A teneur de l’art. 34 al. 1 CPC, les actions relevant du droit du travail peuvent être portées devant le tribunal du domicile ou du siège du défendeur, ou devant le tribunal du lieu où le travailleur exerce habituellement son activité professionnelle.

Avant l’entrée en vigueur de l’art. 34 al. 1 CPC, le for du lieu habituel de l’activité « professionnelle » du travailleur, c’est-à-dire l’activité convenue entre les parties au contrat de travail, était prévu dans des termes similaires par l’art. 24 al. 1 de la loi fédérale du 24 mars 2000 sur les fors (LFors; RO 2000 2355 p. 2360). Dans les rapports internationaux, le for du lieu habituel de l’activité convenue était aussi prévu par l’art. 5 par. 1 de la Convention de Lugano concernant la compétence judiciaire et l’exécution des décisions en matière civile et commerciale, conclue le 16 septembre 1988 (CL 1988), et par l’art. 115 al. 1 de la loi fédérale sur le droit international privé (LDIP; RS 291).
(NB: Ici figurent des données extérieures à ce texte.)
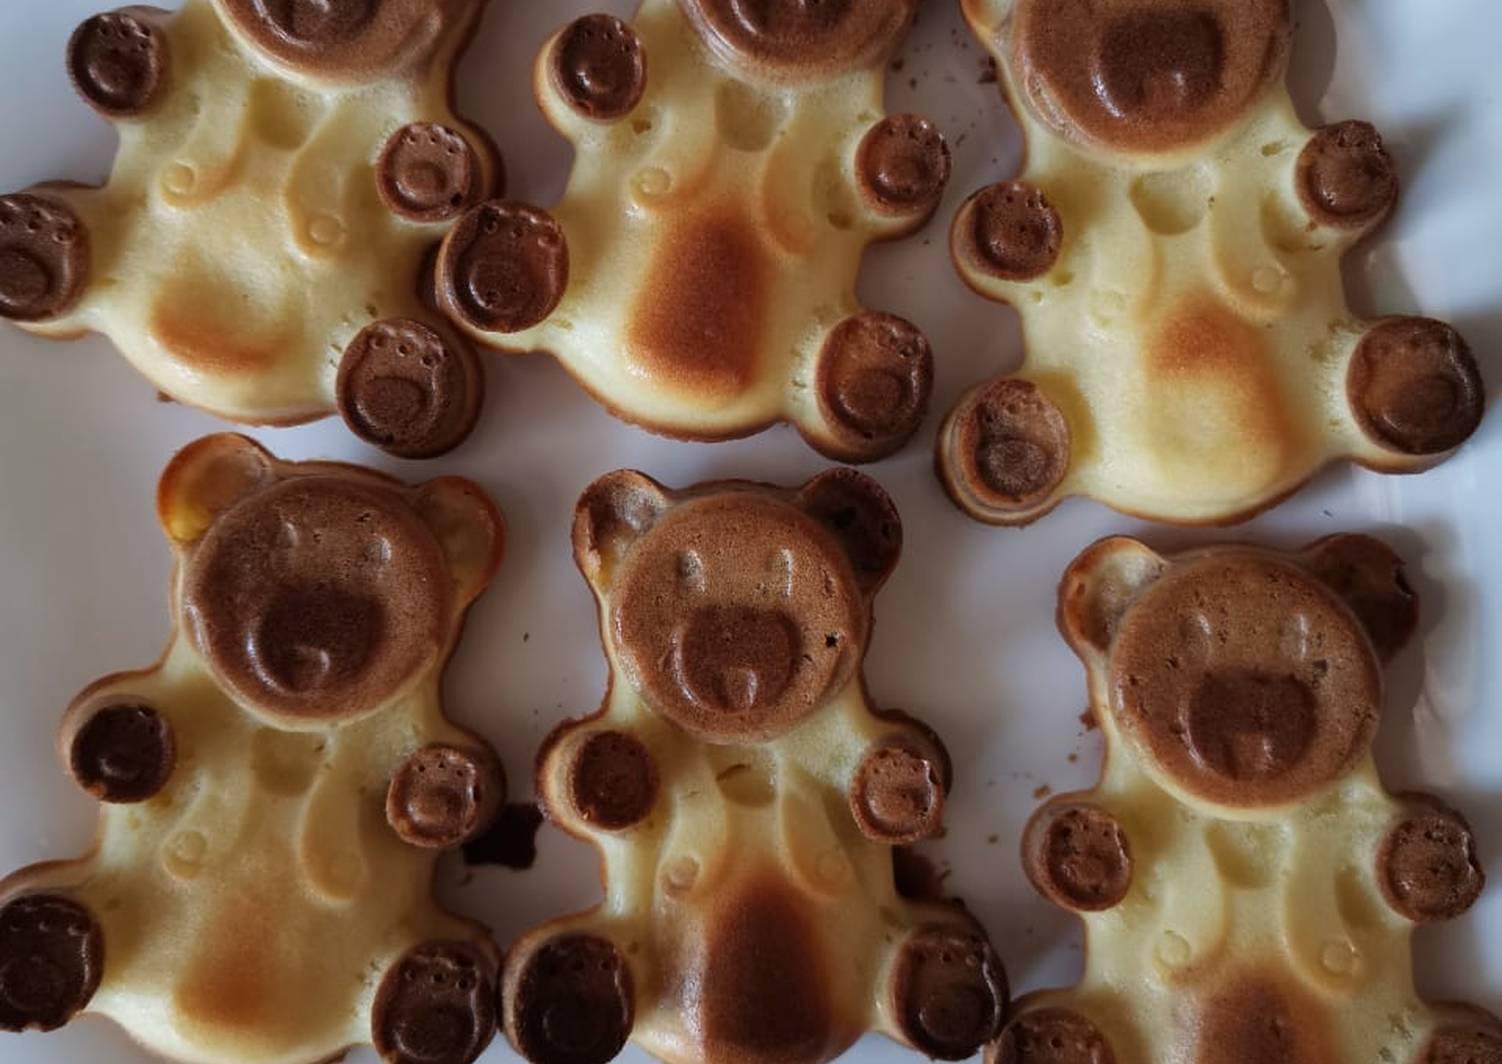 барни по домашнему рецепт с фото приближением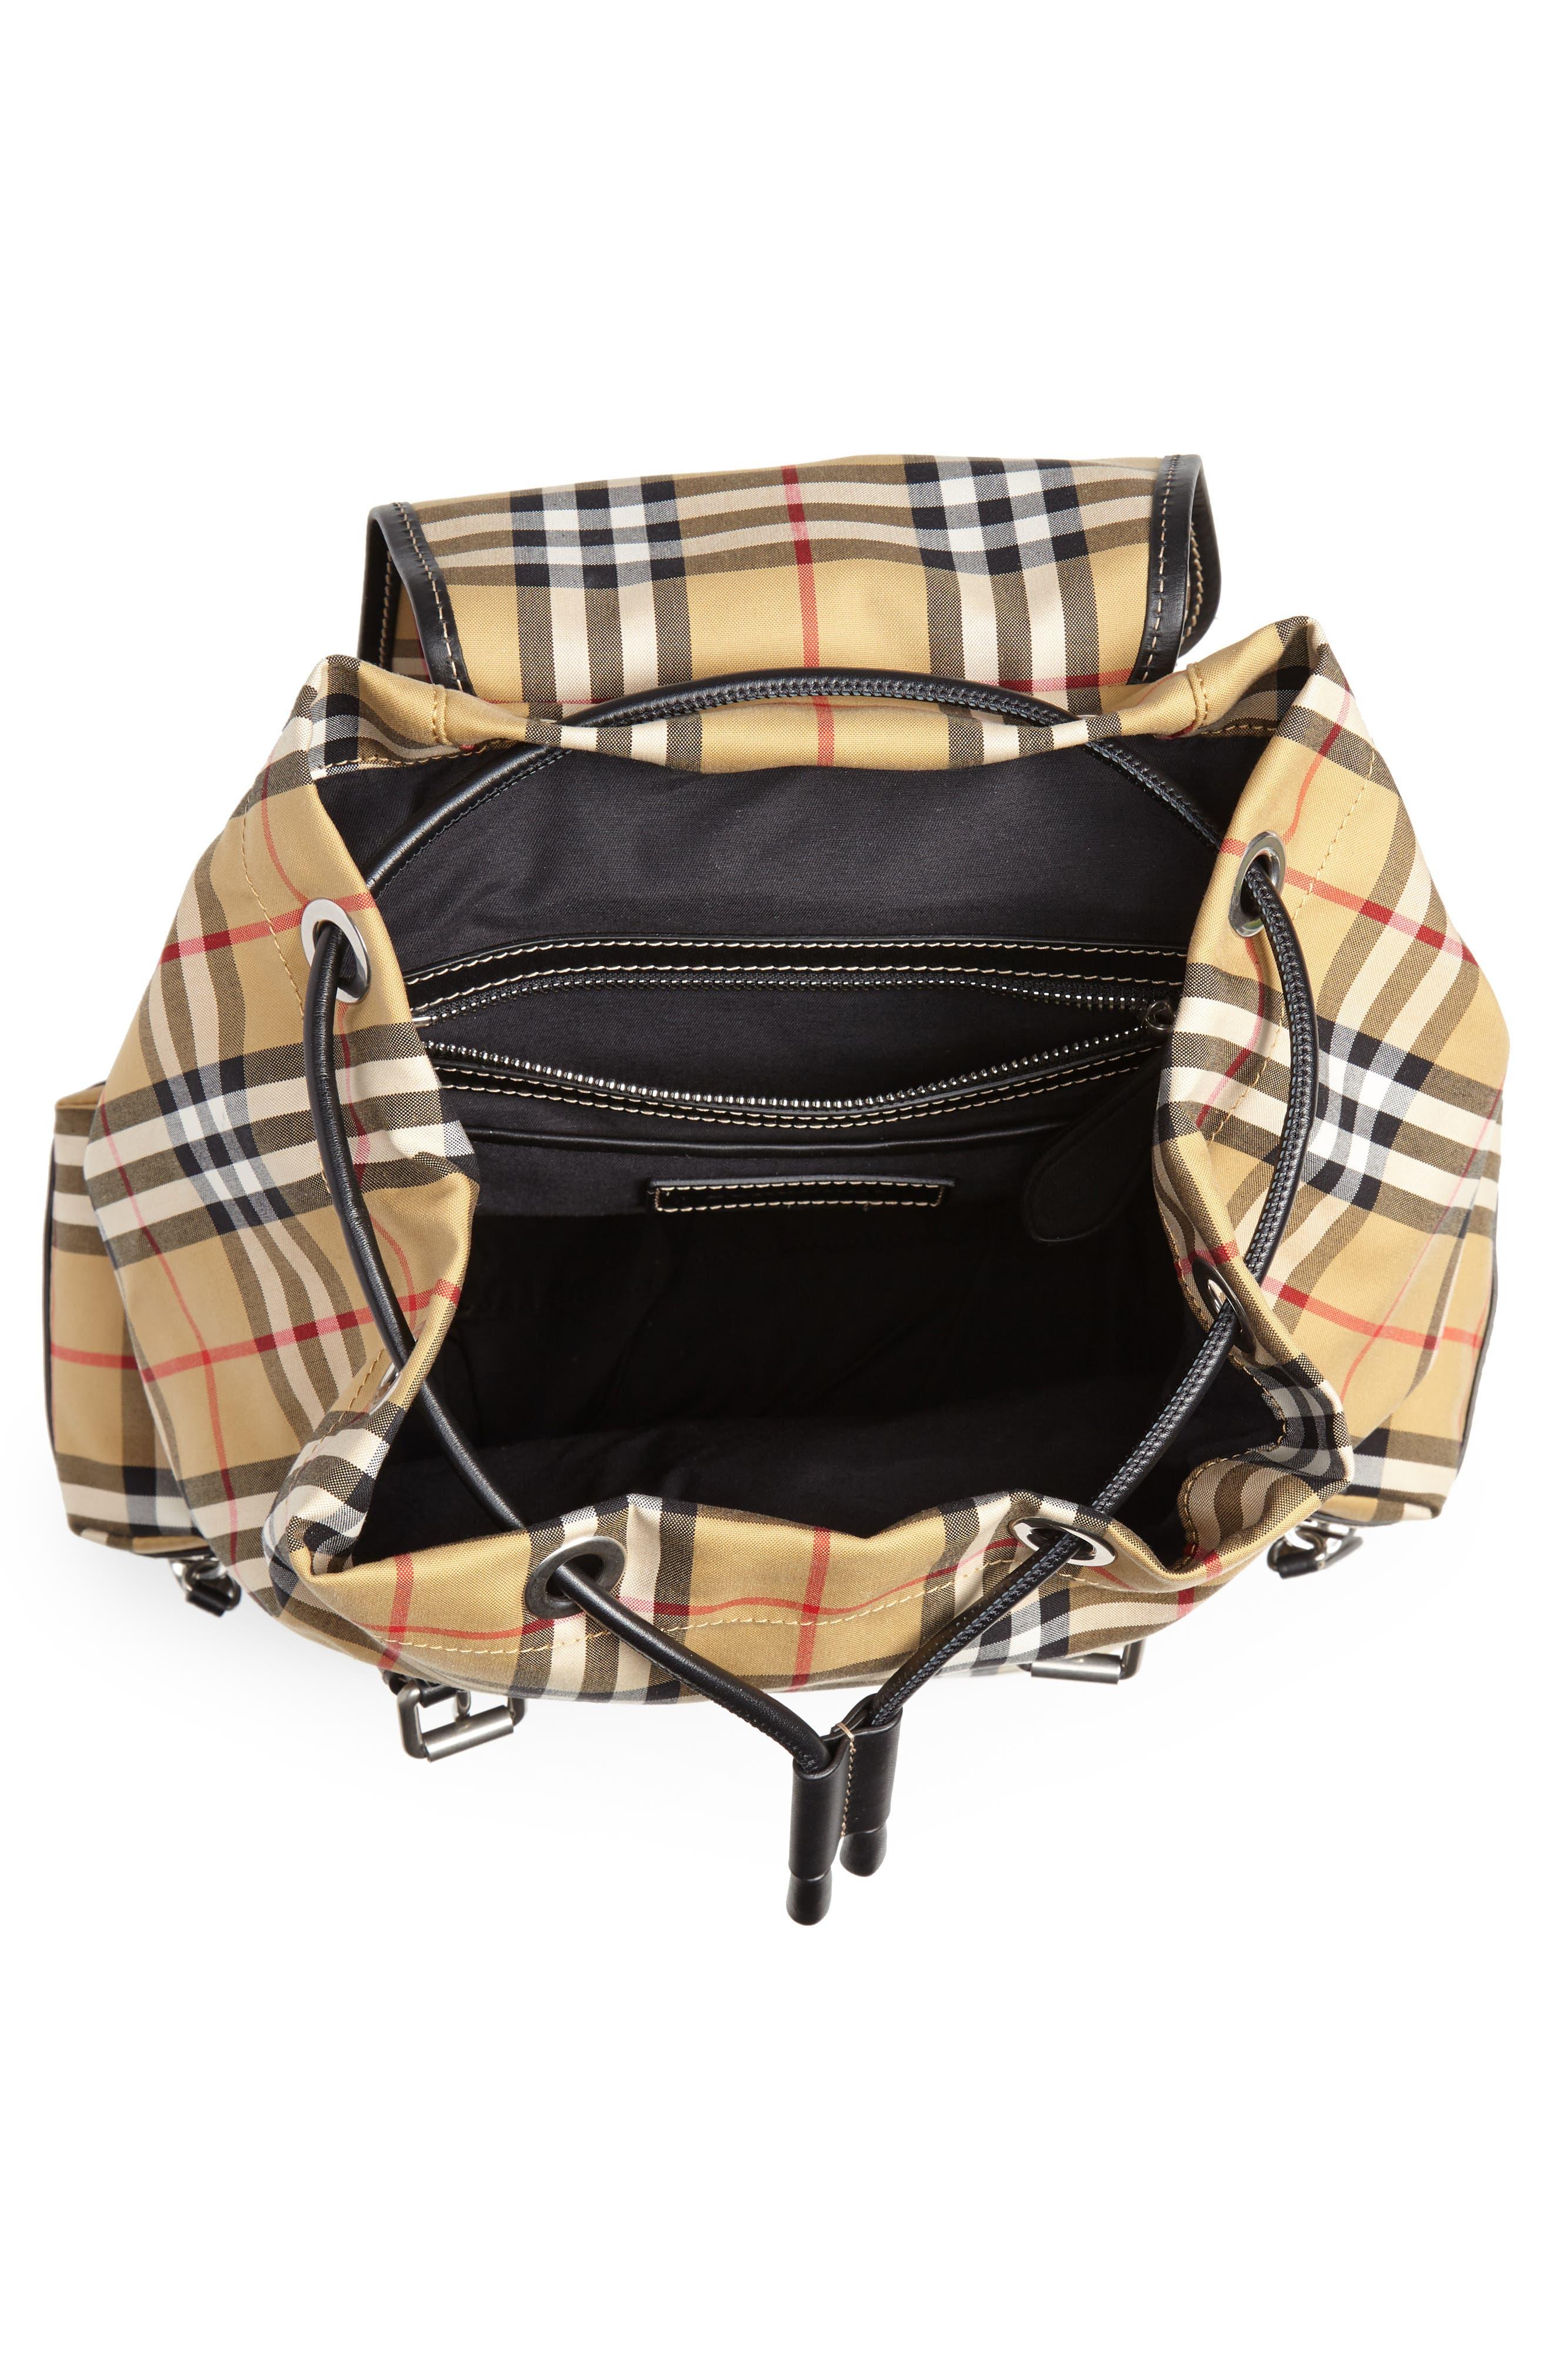 Medium Rucksack Check Cotton Backpack,                             Alternate thumbnail 4, color,                             ANTIQUE YELLOW

L’art. 5 par. 1 CL 1988 est actuellement remplacé par l’art. 19 par. 2 let. a de la Convention de Lugano sur les mêmes matières conclue le 30 octobre 2007 (CL 2007; RS 0.275.12).

Selon l’intention du législateur fédéral, l’art. 24 al. 1 LFors était harmonisé avec l’art. 5 par. 1 CL 1988 et il différait, en conséquence, de l’art. 343 al. 1 aCO auquel il succédait: celui-ci prévoyait un for au « lieu de l’exploitation ou du ménage pour lequel le travailleur [accomplissait] son travail » (Message du Conseil fédéral concernant la loi fédérale sur les fors en matière civile, FF 1999 2591 p. 2624). Au regard de l’art. 34 al. 1 CPC qui correspond à l’art. 24 al. 1 LFors, le for peut donc se trouver dans un lieu où l’employeur n’a aucune sorte d’établissement ni installation fixe, ce qui n’était pas admis sous l’empire de l’art. 343 al. 1 aCO.

L’art. 34 al. 1 CPC correspond actuellement à l’art. 19 par. 2 let. a CL 2007. Celui-ci est une réplique de l’art. 19 par. 2 let. a du règlement de l’Union européenne n° 44/2001 concernant la compétence judiciaire, la reconnaissance et l’exécution des décisions en matière civile et commerciale, du 22 décembre 2000. Il s’ensuit que les critères déterminants dans l’application de ces dispositions de droit international peuvent être pris en considération aussi dans l’interprétation de l’art. 34 al. 1 CPC.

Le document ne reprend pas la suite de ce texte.